Vento v. City of New York

Order, Supreme Court, New York County (Eileen Bransten, J.), entered July 20, 2004, which, in a fee dispute between nonparty appellant discharged law firm and nonparty respondent substituted law firm, denied appellant’s motion to reject the report of the Special Referee recommending that appellant be paid no fee, unanimously affirmed, without costs.
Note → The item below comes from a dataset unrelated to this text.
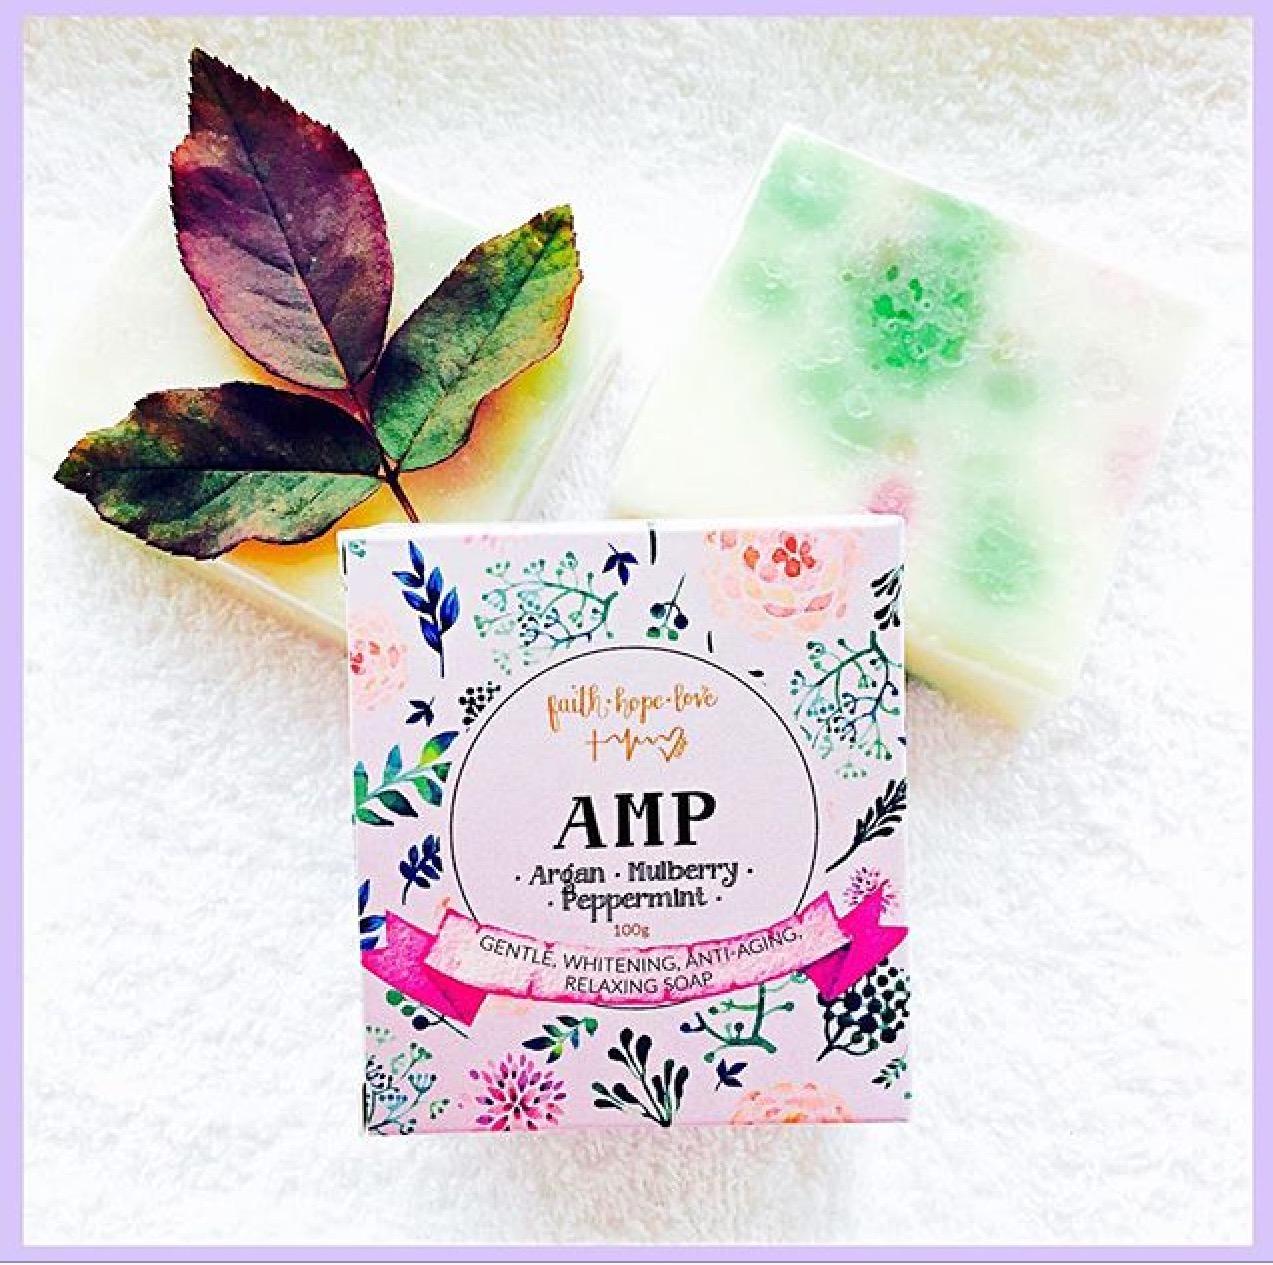 FaithHopeLove AMP soap (Argan Mulberry Peppermint) pure vegan glycerin soap

The Special Referee adhered to the scope of the reference, which, reflecting appellant’s own requests for a hearing unam*330biguously waiving the contingency fee provision in its retainer agreement (cf. Lai Ling Cheng v Modansky Leasing Co., 73 NY2d 454, 458 [1989]), ordered a report on the “reasonable value, if any” of appellant’s services. Notably, the order of reference was not appealed (see 587 Dev., Inc. v Pizzuto, 8 AD3d 5 [2004]; see also New York State Crime Victims Bd. v Abbott, 212 AD2d 22, 28-29 [1995]). No basis exists to disturb the Special Referee’s finding that appellant’s witness lacked the requisite personal knowledge to provide either probative testimony regarding the specific work that appellant had performed in this personal injury action or the foundation necessary to admit hearsay documents under the business record exception, and that appellant had completely failed to adduce any evidence of time spent on particular services in support of its request for a quantum meruit recovery. We have considered appellant’s other contentions and find them unavailing. Concur—Tom, J.P., Andrias, Gonzalez and Sweeny, JJ. [See 4 Misc 3d 1019(A), 2004 NY Slip Op 50968(U) (2004).]